I just finished with this activity and ran into the same problem. My education_years had a non-significant p-value ( 0.281) and a negative coefficient ( -41.178), which was wrong according to the hint under #19.

(Do education_years , age , and gender all have a significant impact on labor_income ?** All variables are highly significant, with a p-value < 0.01 .).
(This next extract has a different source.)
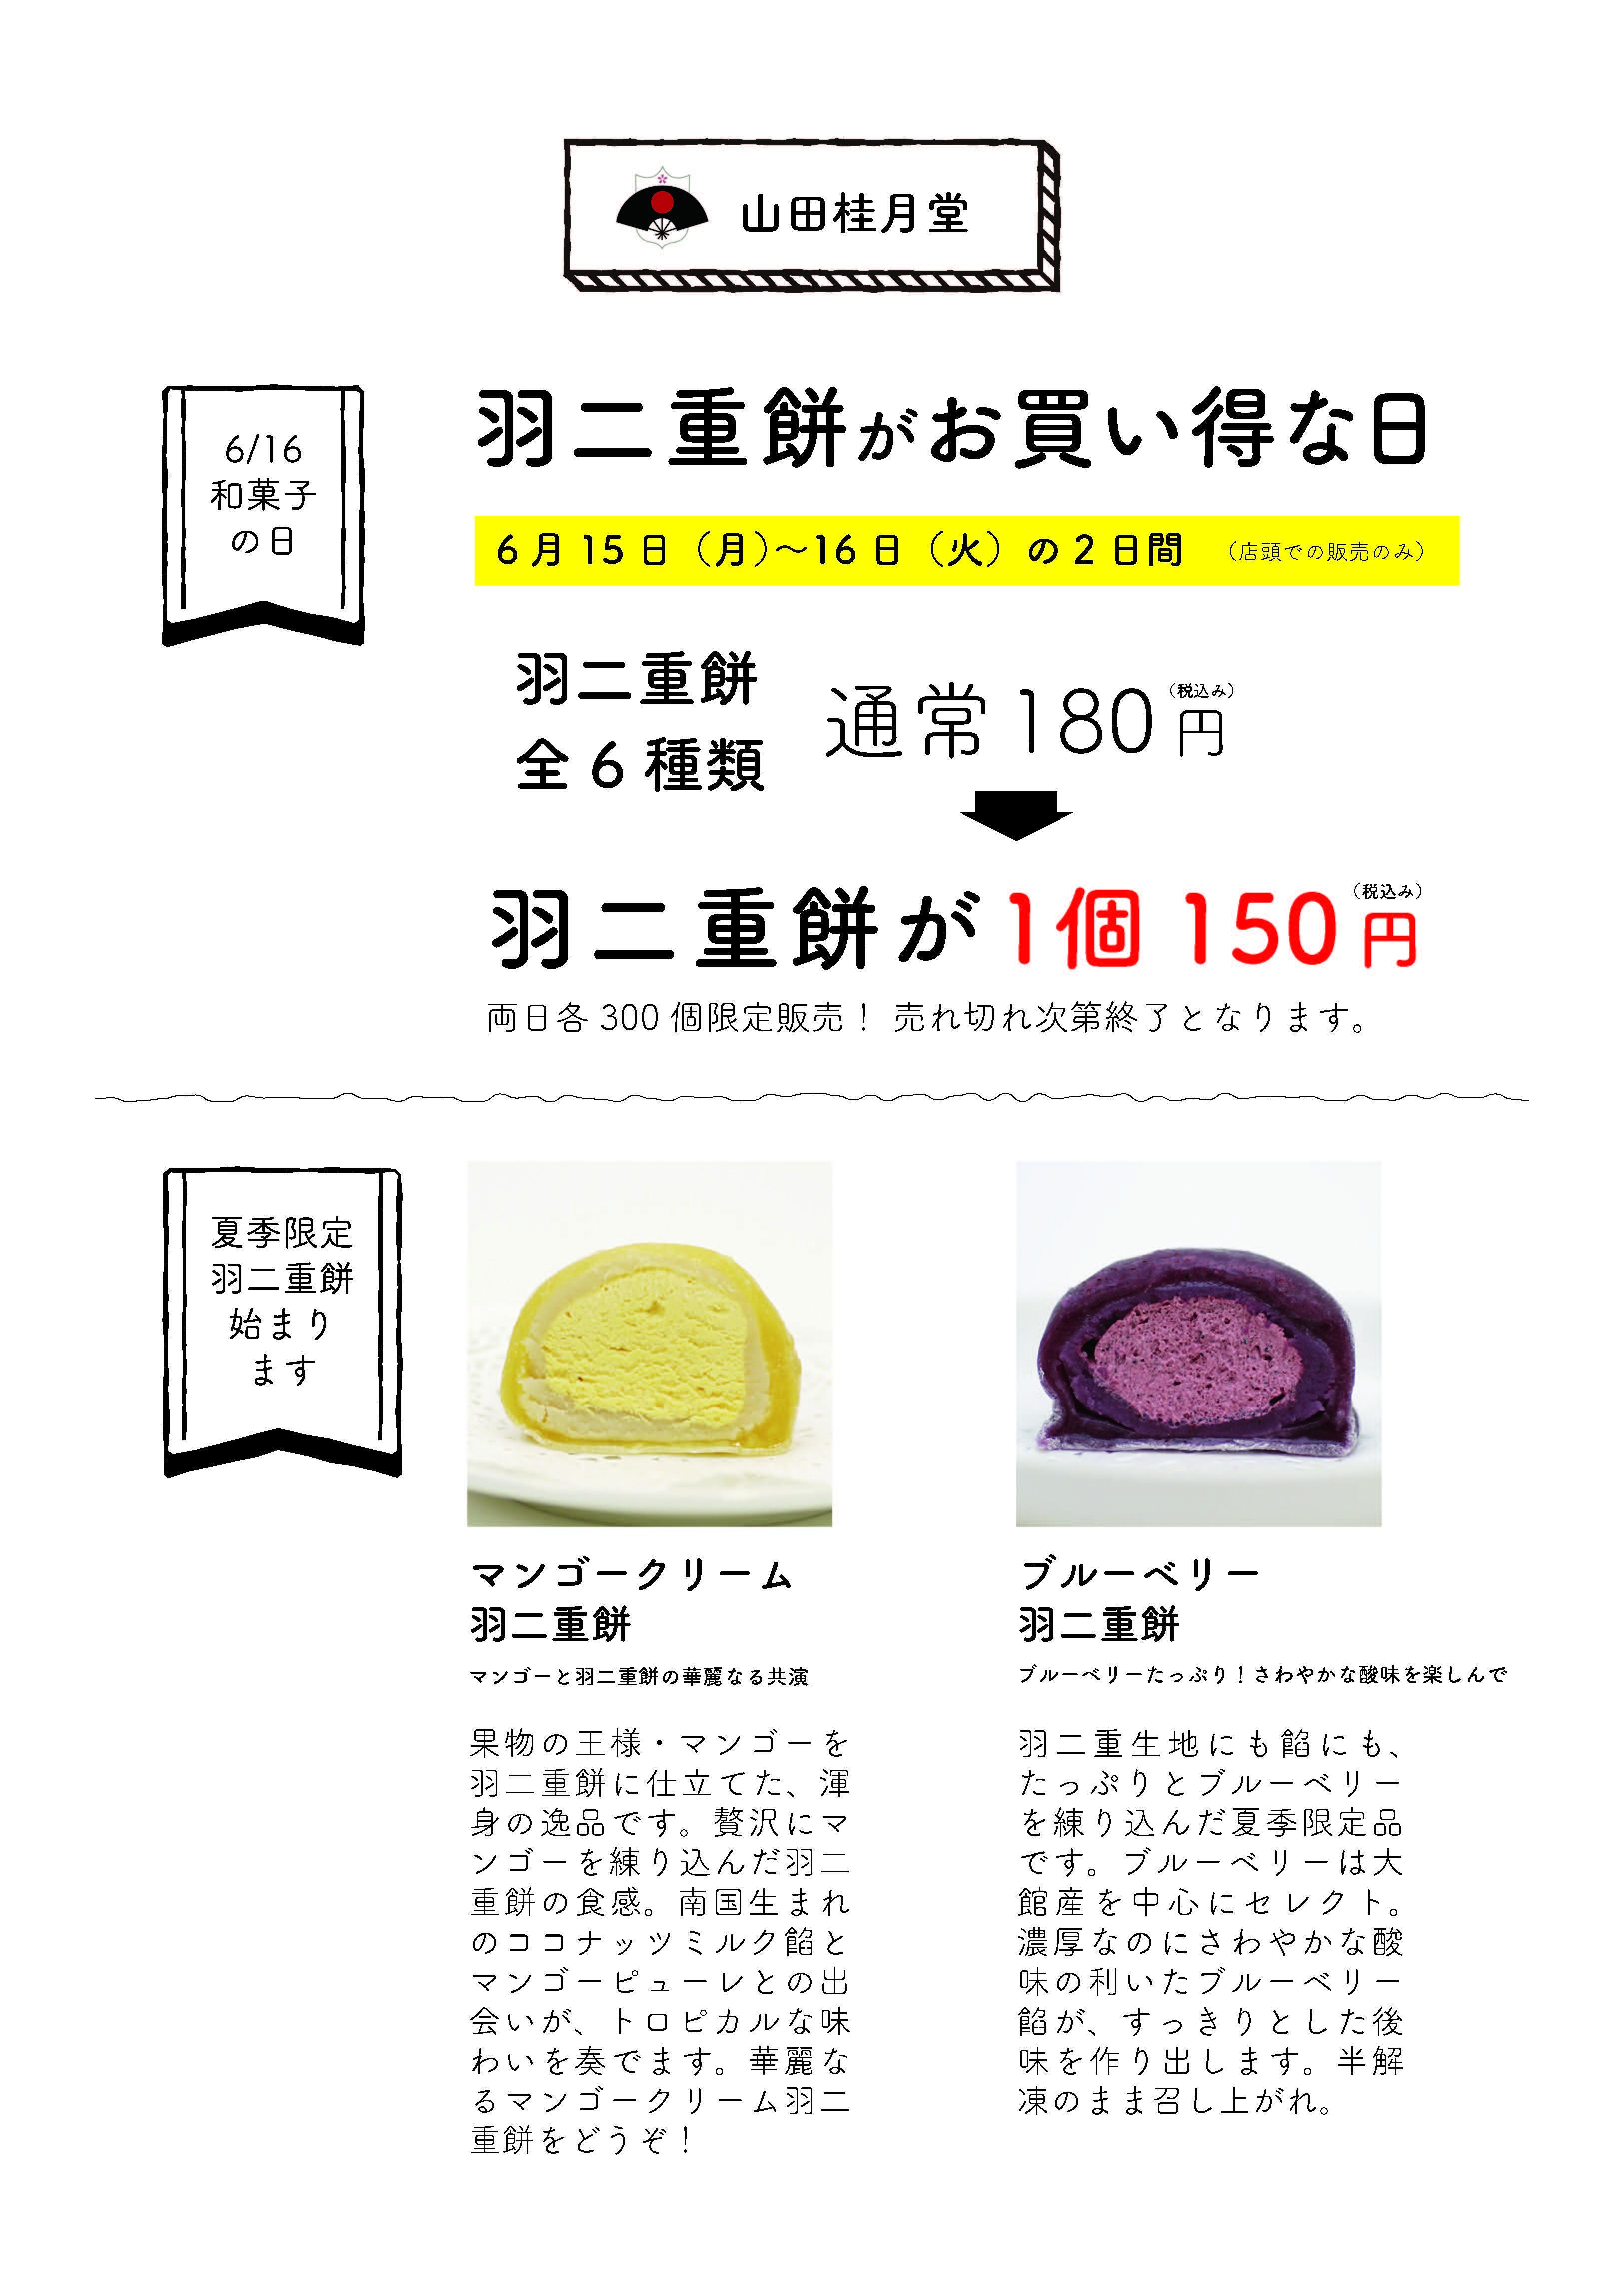 【2020年6月16 和菓子の日】今年も羽二重餅がお買い得な日

The negative coefficient also seemed counterintuitive and wrong. Not sure if it was something I did or if the activity was set up incorrectly. Would appreciate it if anyone could clarify for us!

2 Likes

I have the same problem. Slightly different figures but same bottom line: predictor (education_years) is non-significant.

all:
lm(formula = labor_income ~ education_years + age + gender, data = train)
Coefficients:
                Estimate Std. Error t value **Pr(>|t|)**    
(Intercept)     7359.145    578.715  12.716  < 2e-16 ***
education_years  -39.781     36.320  -1.095    0.273    
age              -95.562      5.545 -17.234  < 2e-16 ***
gender          -757.383    166.888  -4.538 5.74e-06 ***
---
Signif. codes:  0 '***' 0.001 '**' 0.01 '*' 0.05 '.' 0.1 ' ' 1

Residual standard error: 8214 on 9767 degrees of freedom
Multiple R-squared:  0.03248,   Adjusted R-squared:  0.03218 
F-statistic: 109.3 on 3 and 9767 DF,  p-value: < 2.2e-16

I have the exact same results -39.781 etc. do anyone know what is the reason? I reviewed the data and from what I see, this could be the case of legit result with the data that was provided, I saw many records of no collage education with some income, and degrees with income 0.

Had the exact same output, really thought I had my filters set wrong or something, but I guess it’s just the data…

The output was quite counterintuitive, I agree. I tried some things left and right, but the data still didnt make sense. Then, I decided to filter out all the 0 incomes; this returned results that looked plausible.
If you think about it, it makes sense. If you take into account people with 0 income, you are actualy predicting income & unemployment in one; you would be better off analyzing these parameters separately if you ask me.

1 Like